- TASK REQUIREMENTS -
Restate the listing below line for line and word for word, without the pictures.

- AVAILABLE DATA -
:::::

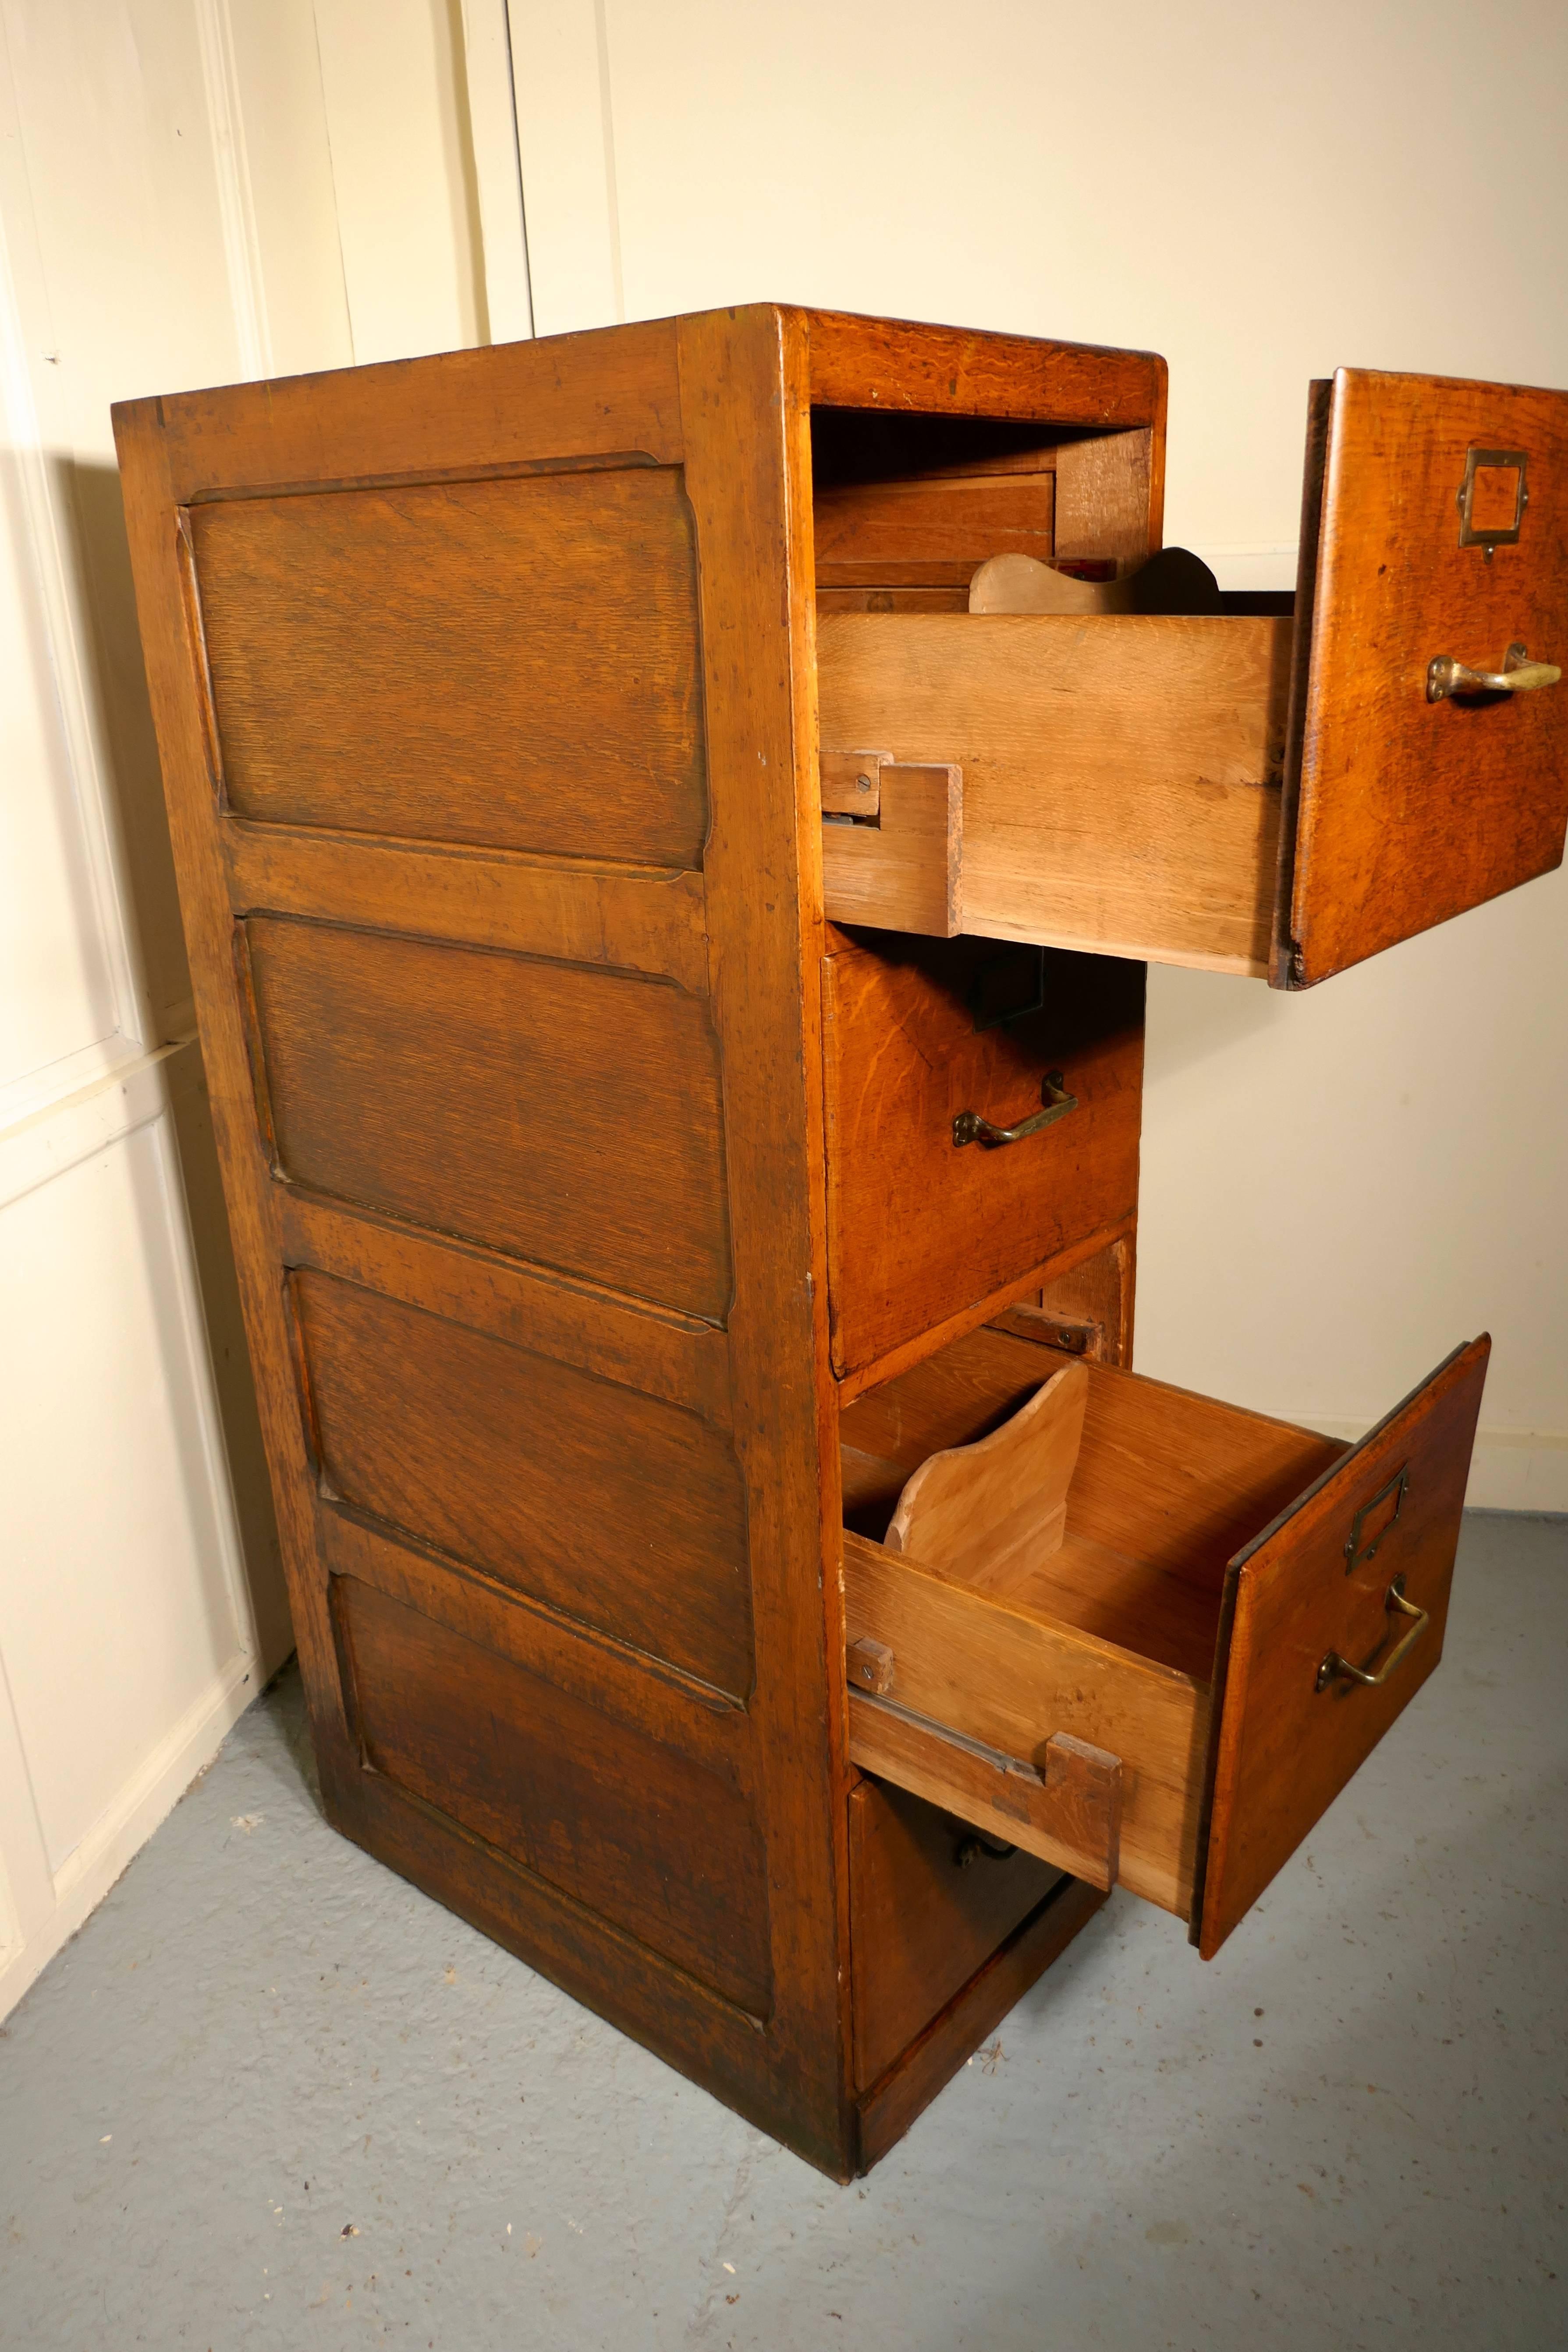 Large Edwardian four drawer oak filing cabinet

This is an absolute must for every home office or study, the cabinet has four deep and roomy drawers, they all glide smoothly and have brass handles and card holders on the front , they will
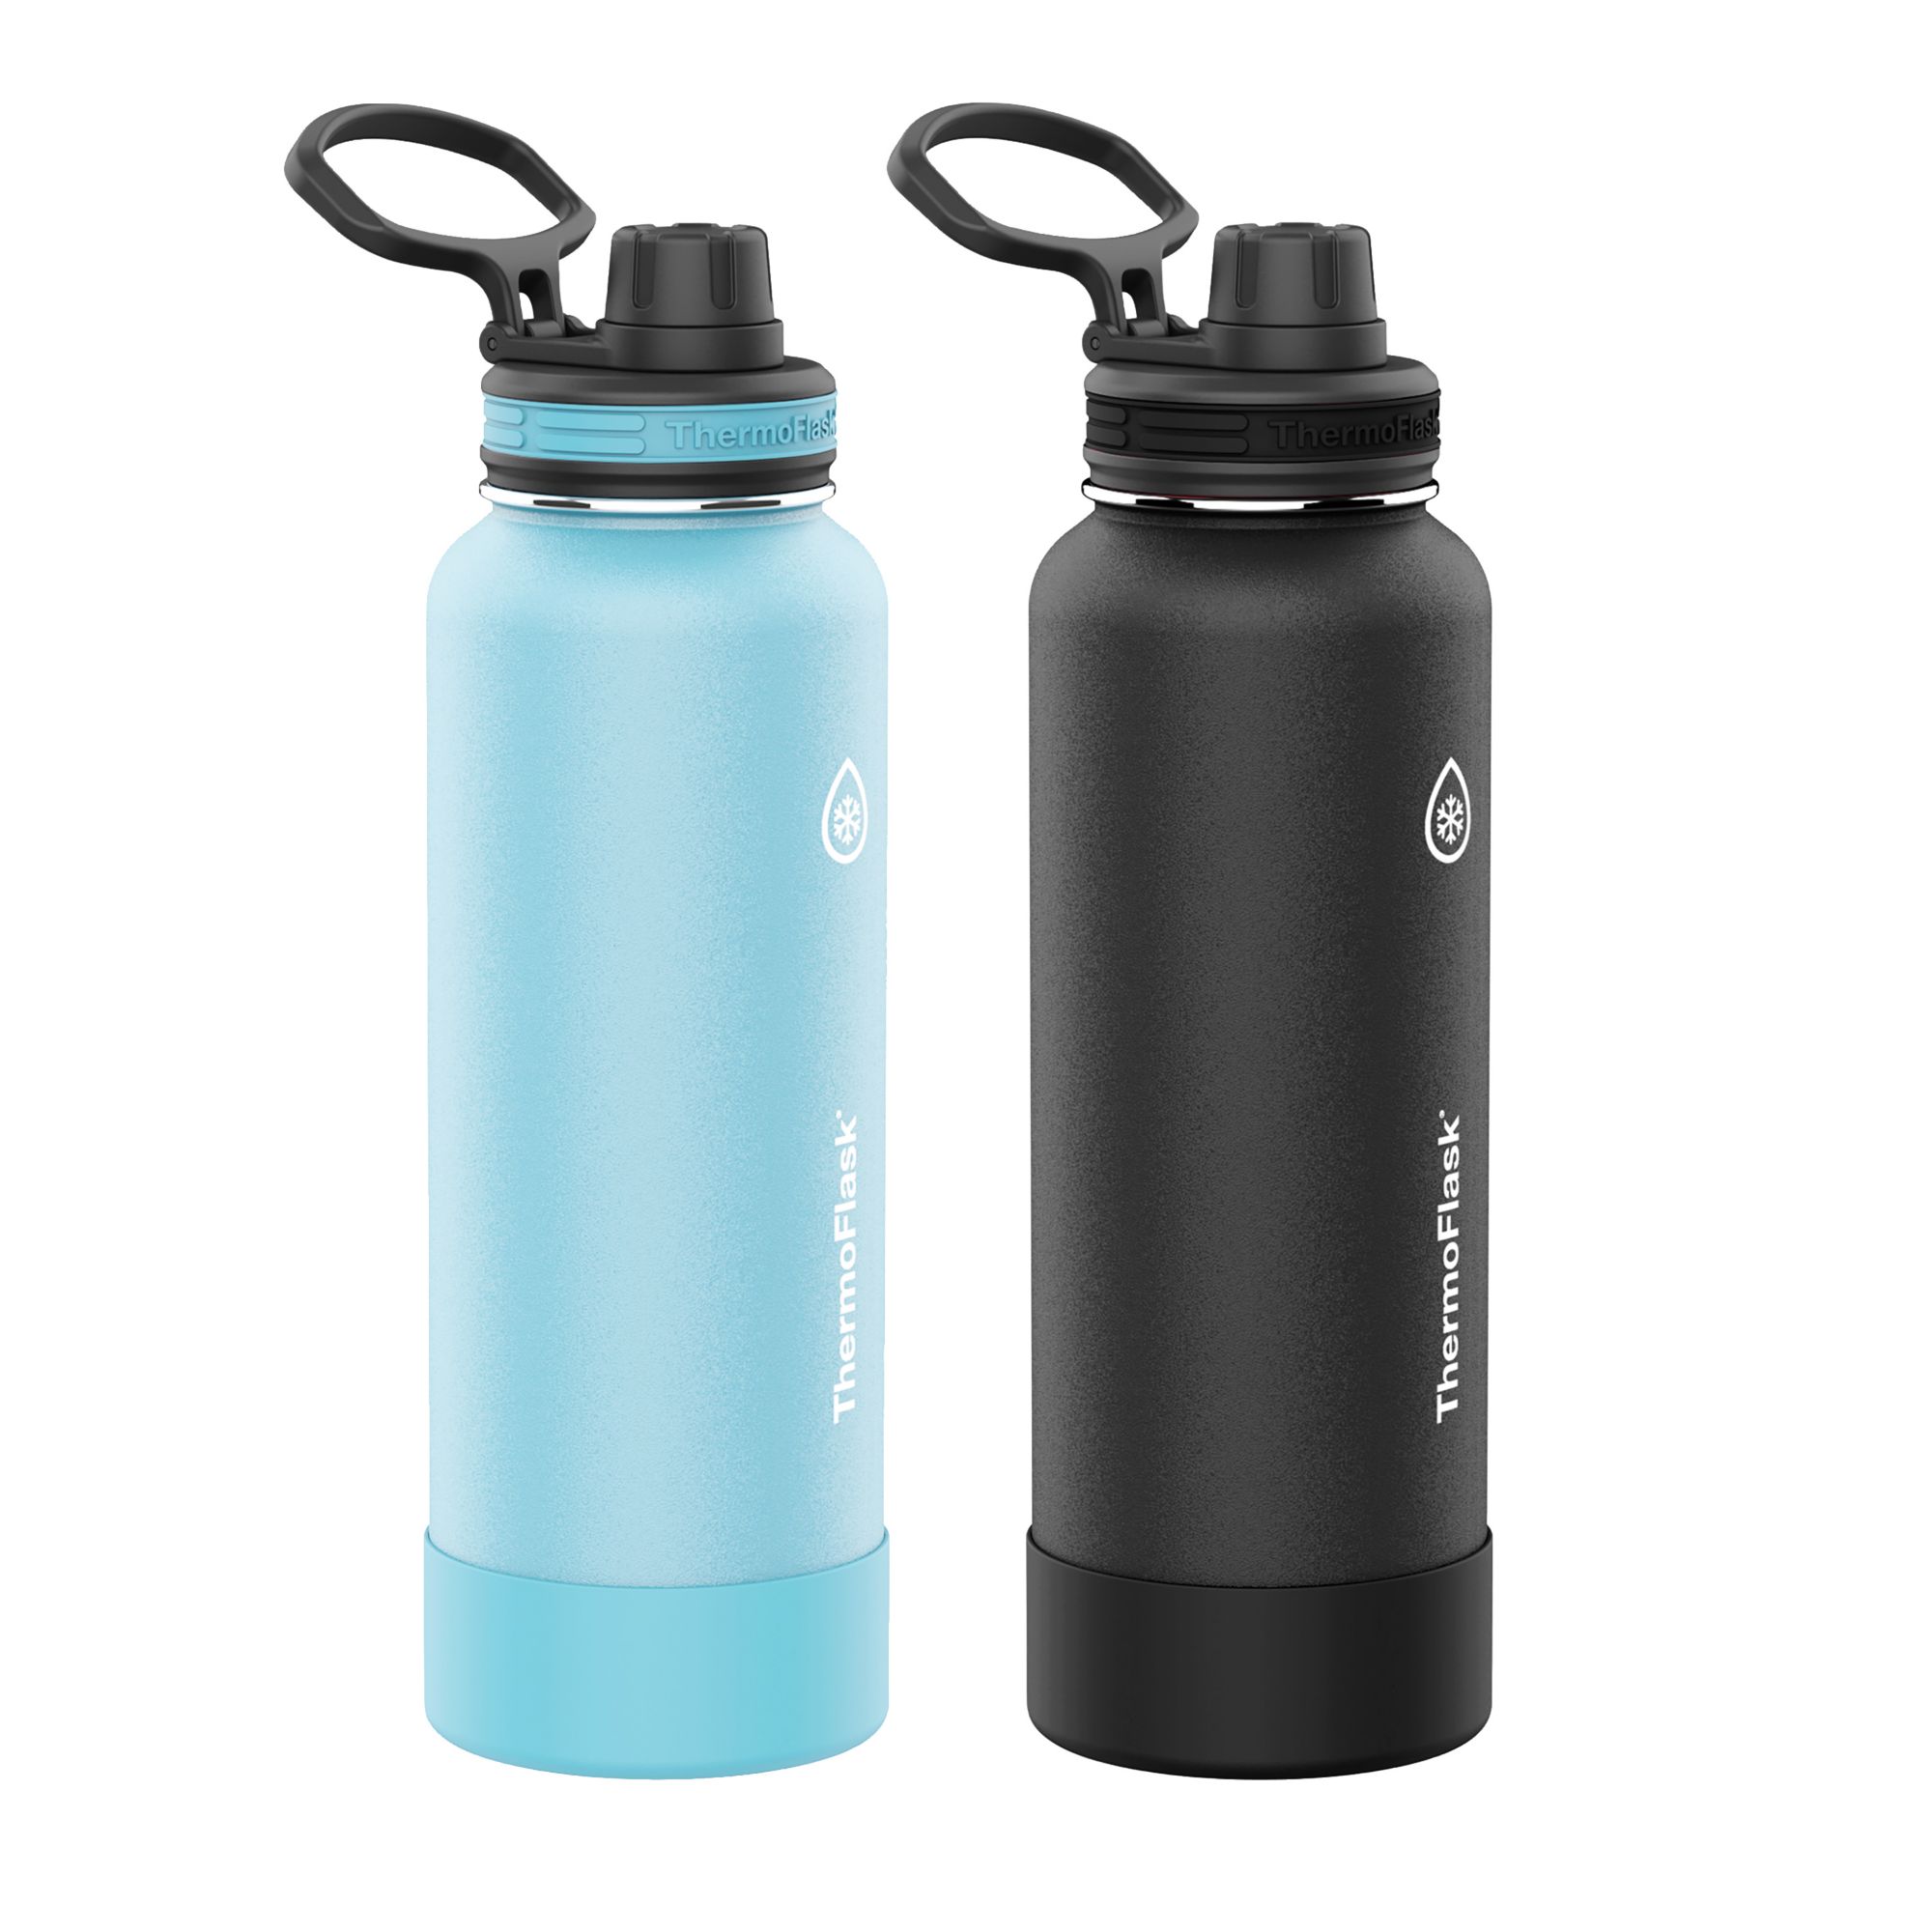 Save on Thermos Vacuum Insulated Beverage Bottle 40 oz Order

:::::

- WRITTEN SOLUTION -
 Large Edwardian four drawer oak filing cabinet

This is an absolute must for every home office or study, the cabinet has four deep and roomy drawers, they all glide smoothly and have brass handles and card holders on the front , they will
 Save on Thermos Vacuum Insulated Beverage Bottle 40 oz Order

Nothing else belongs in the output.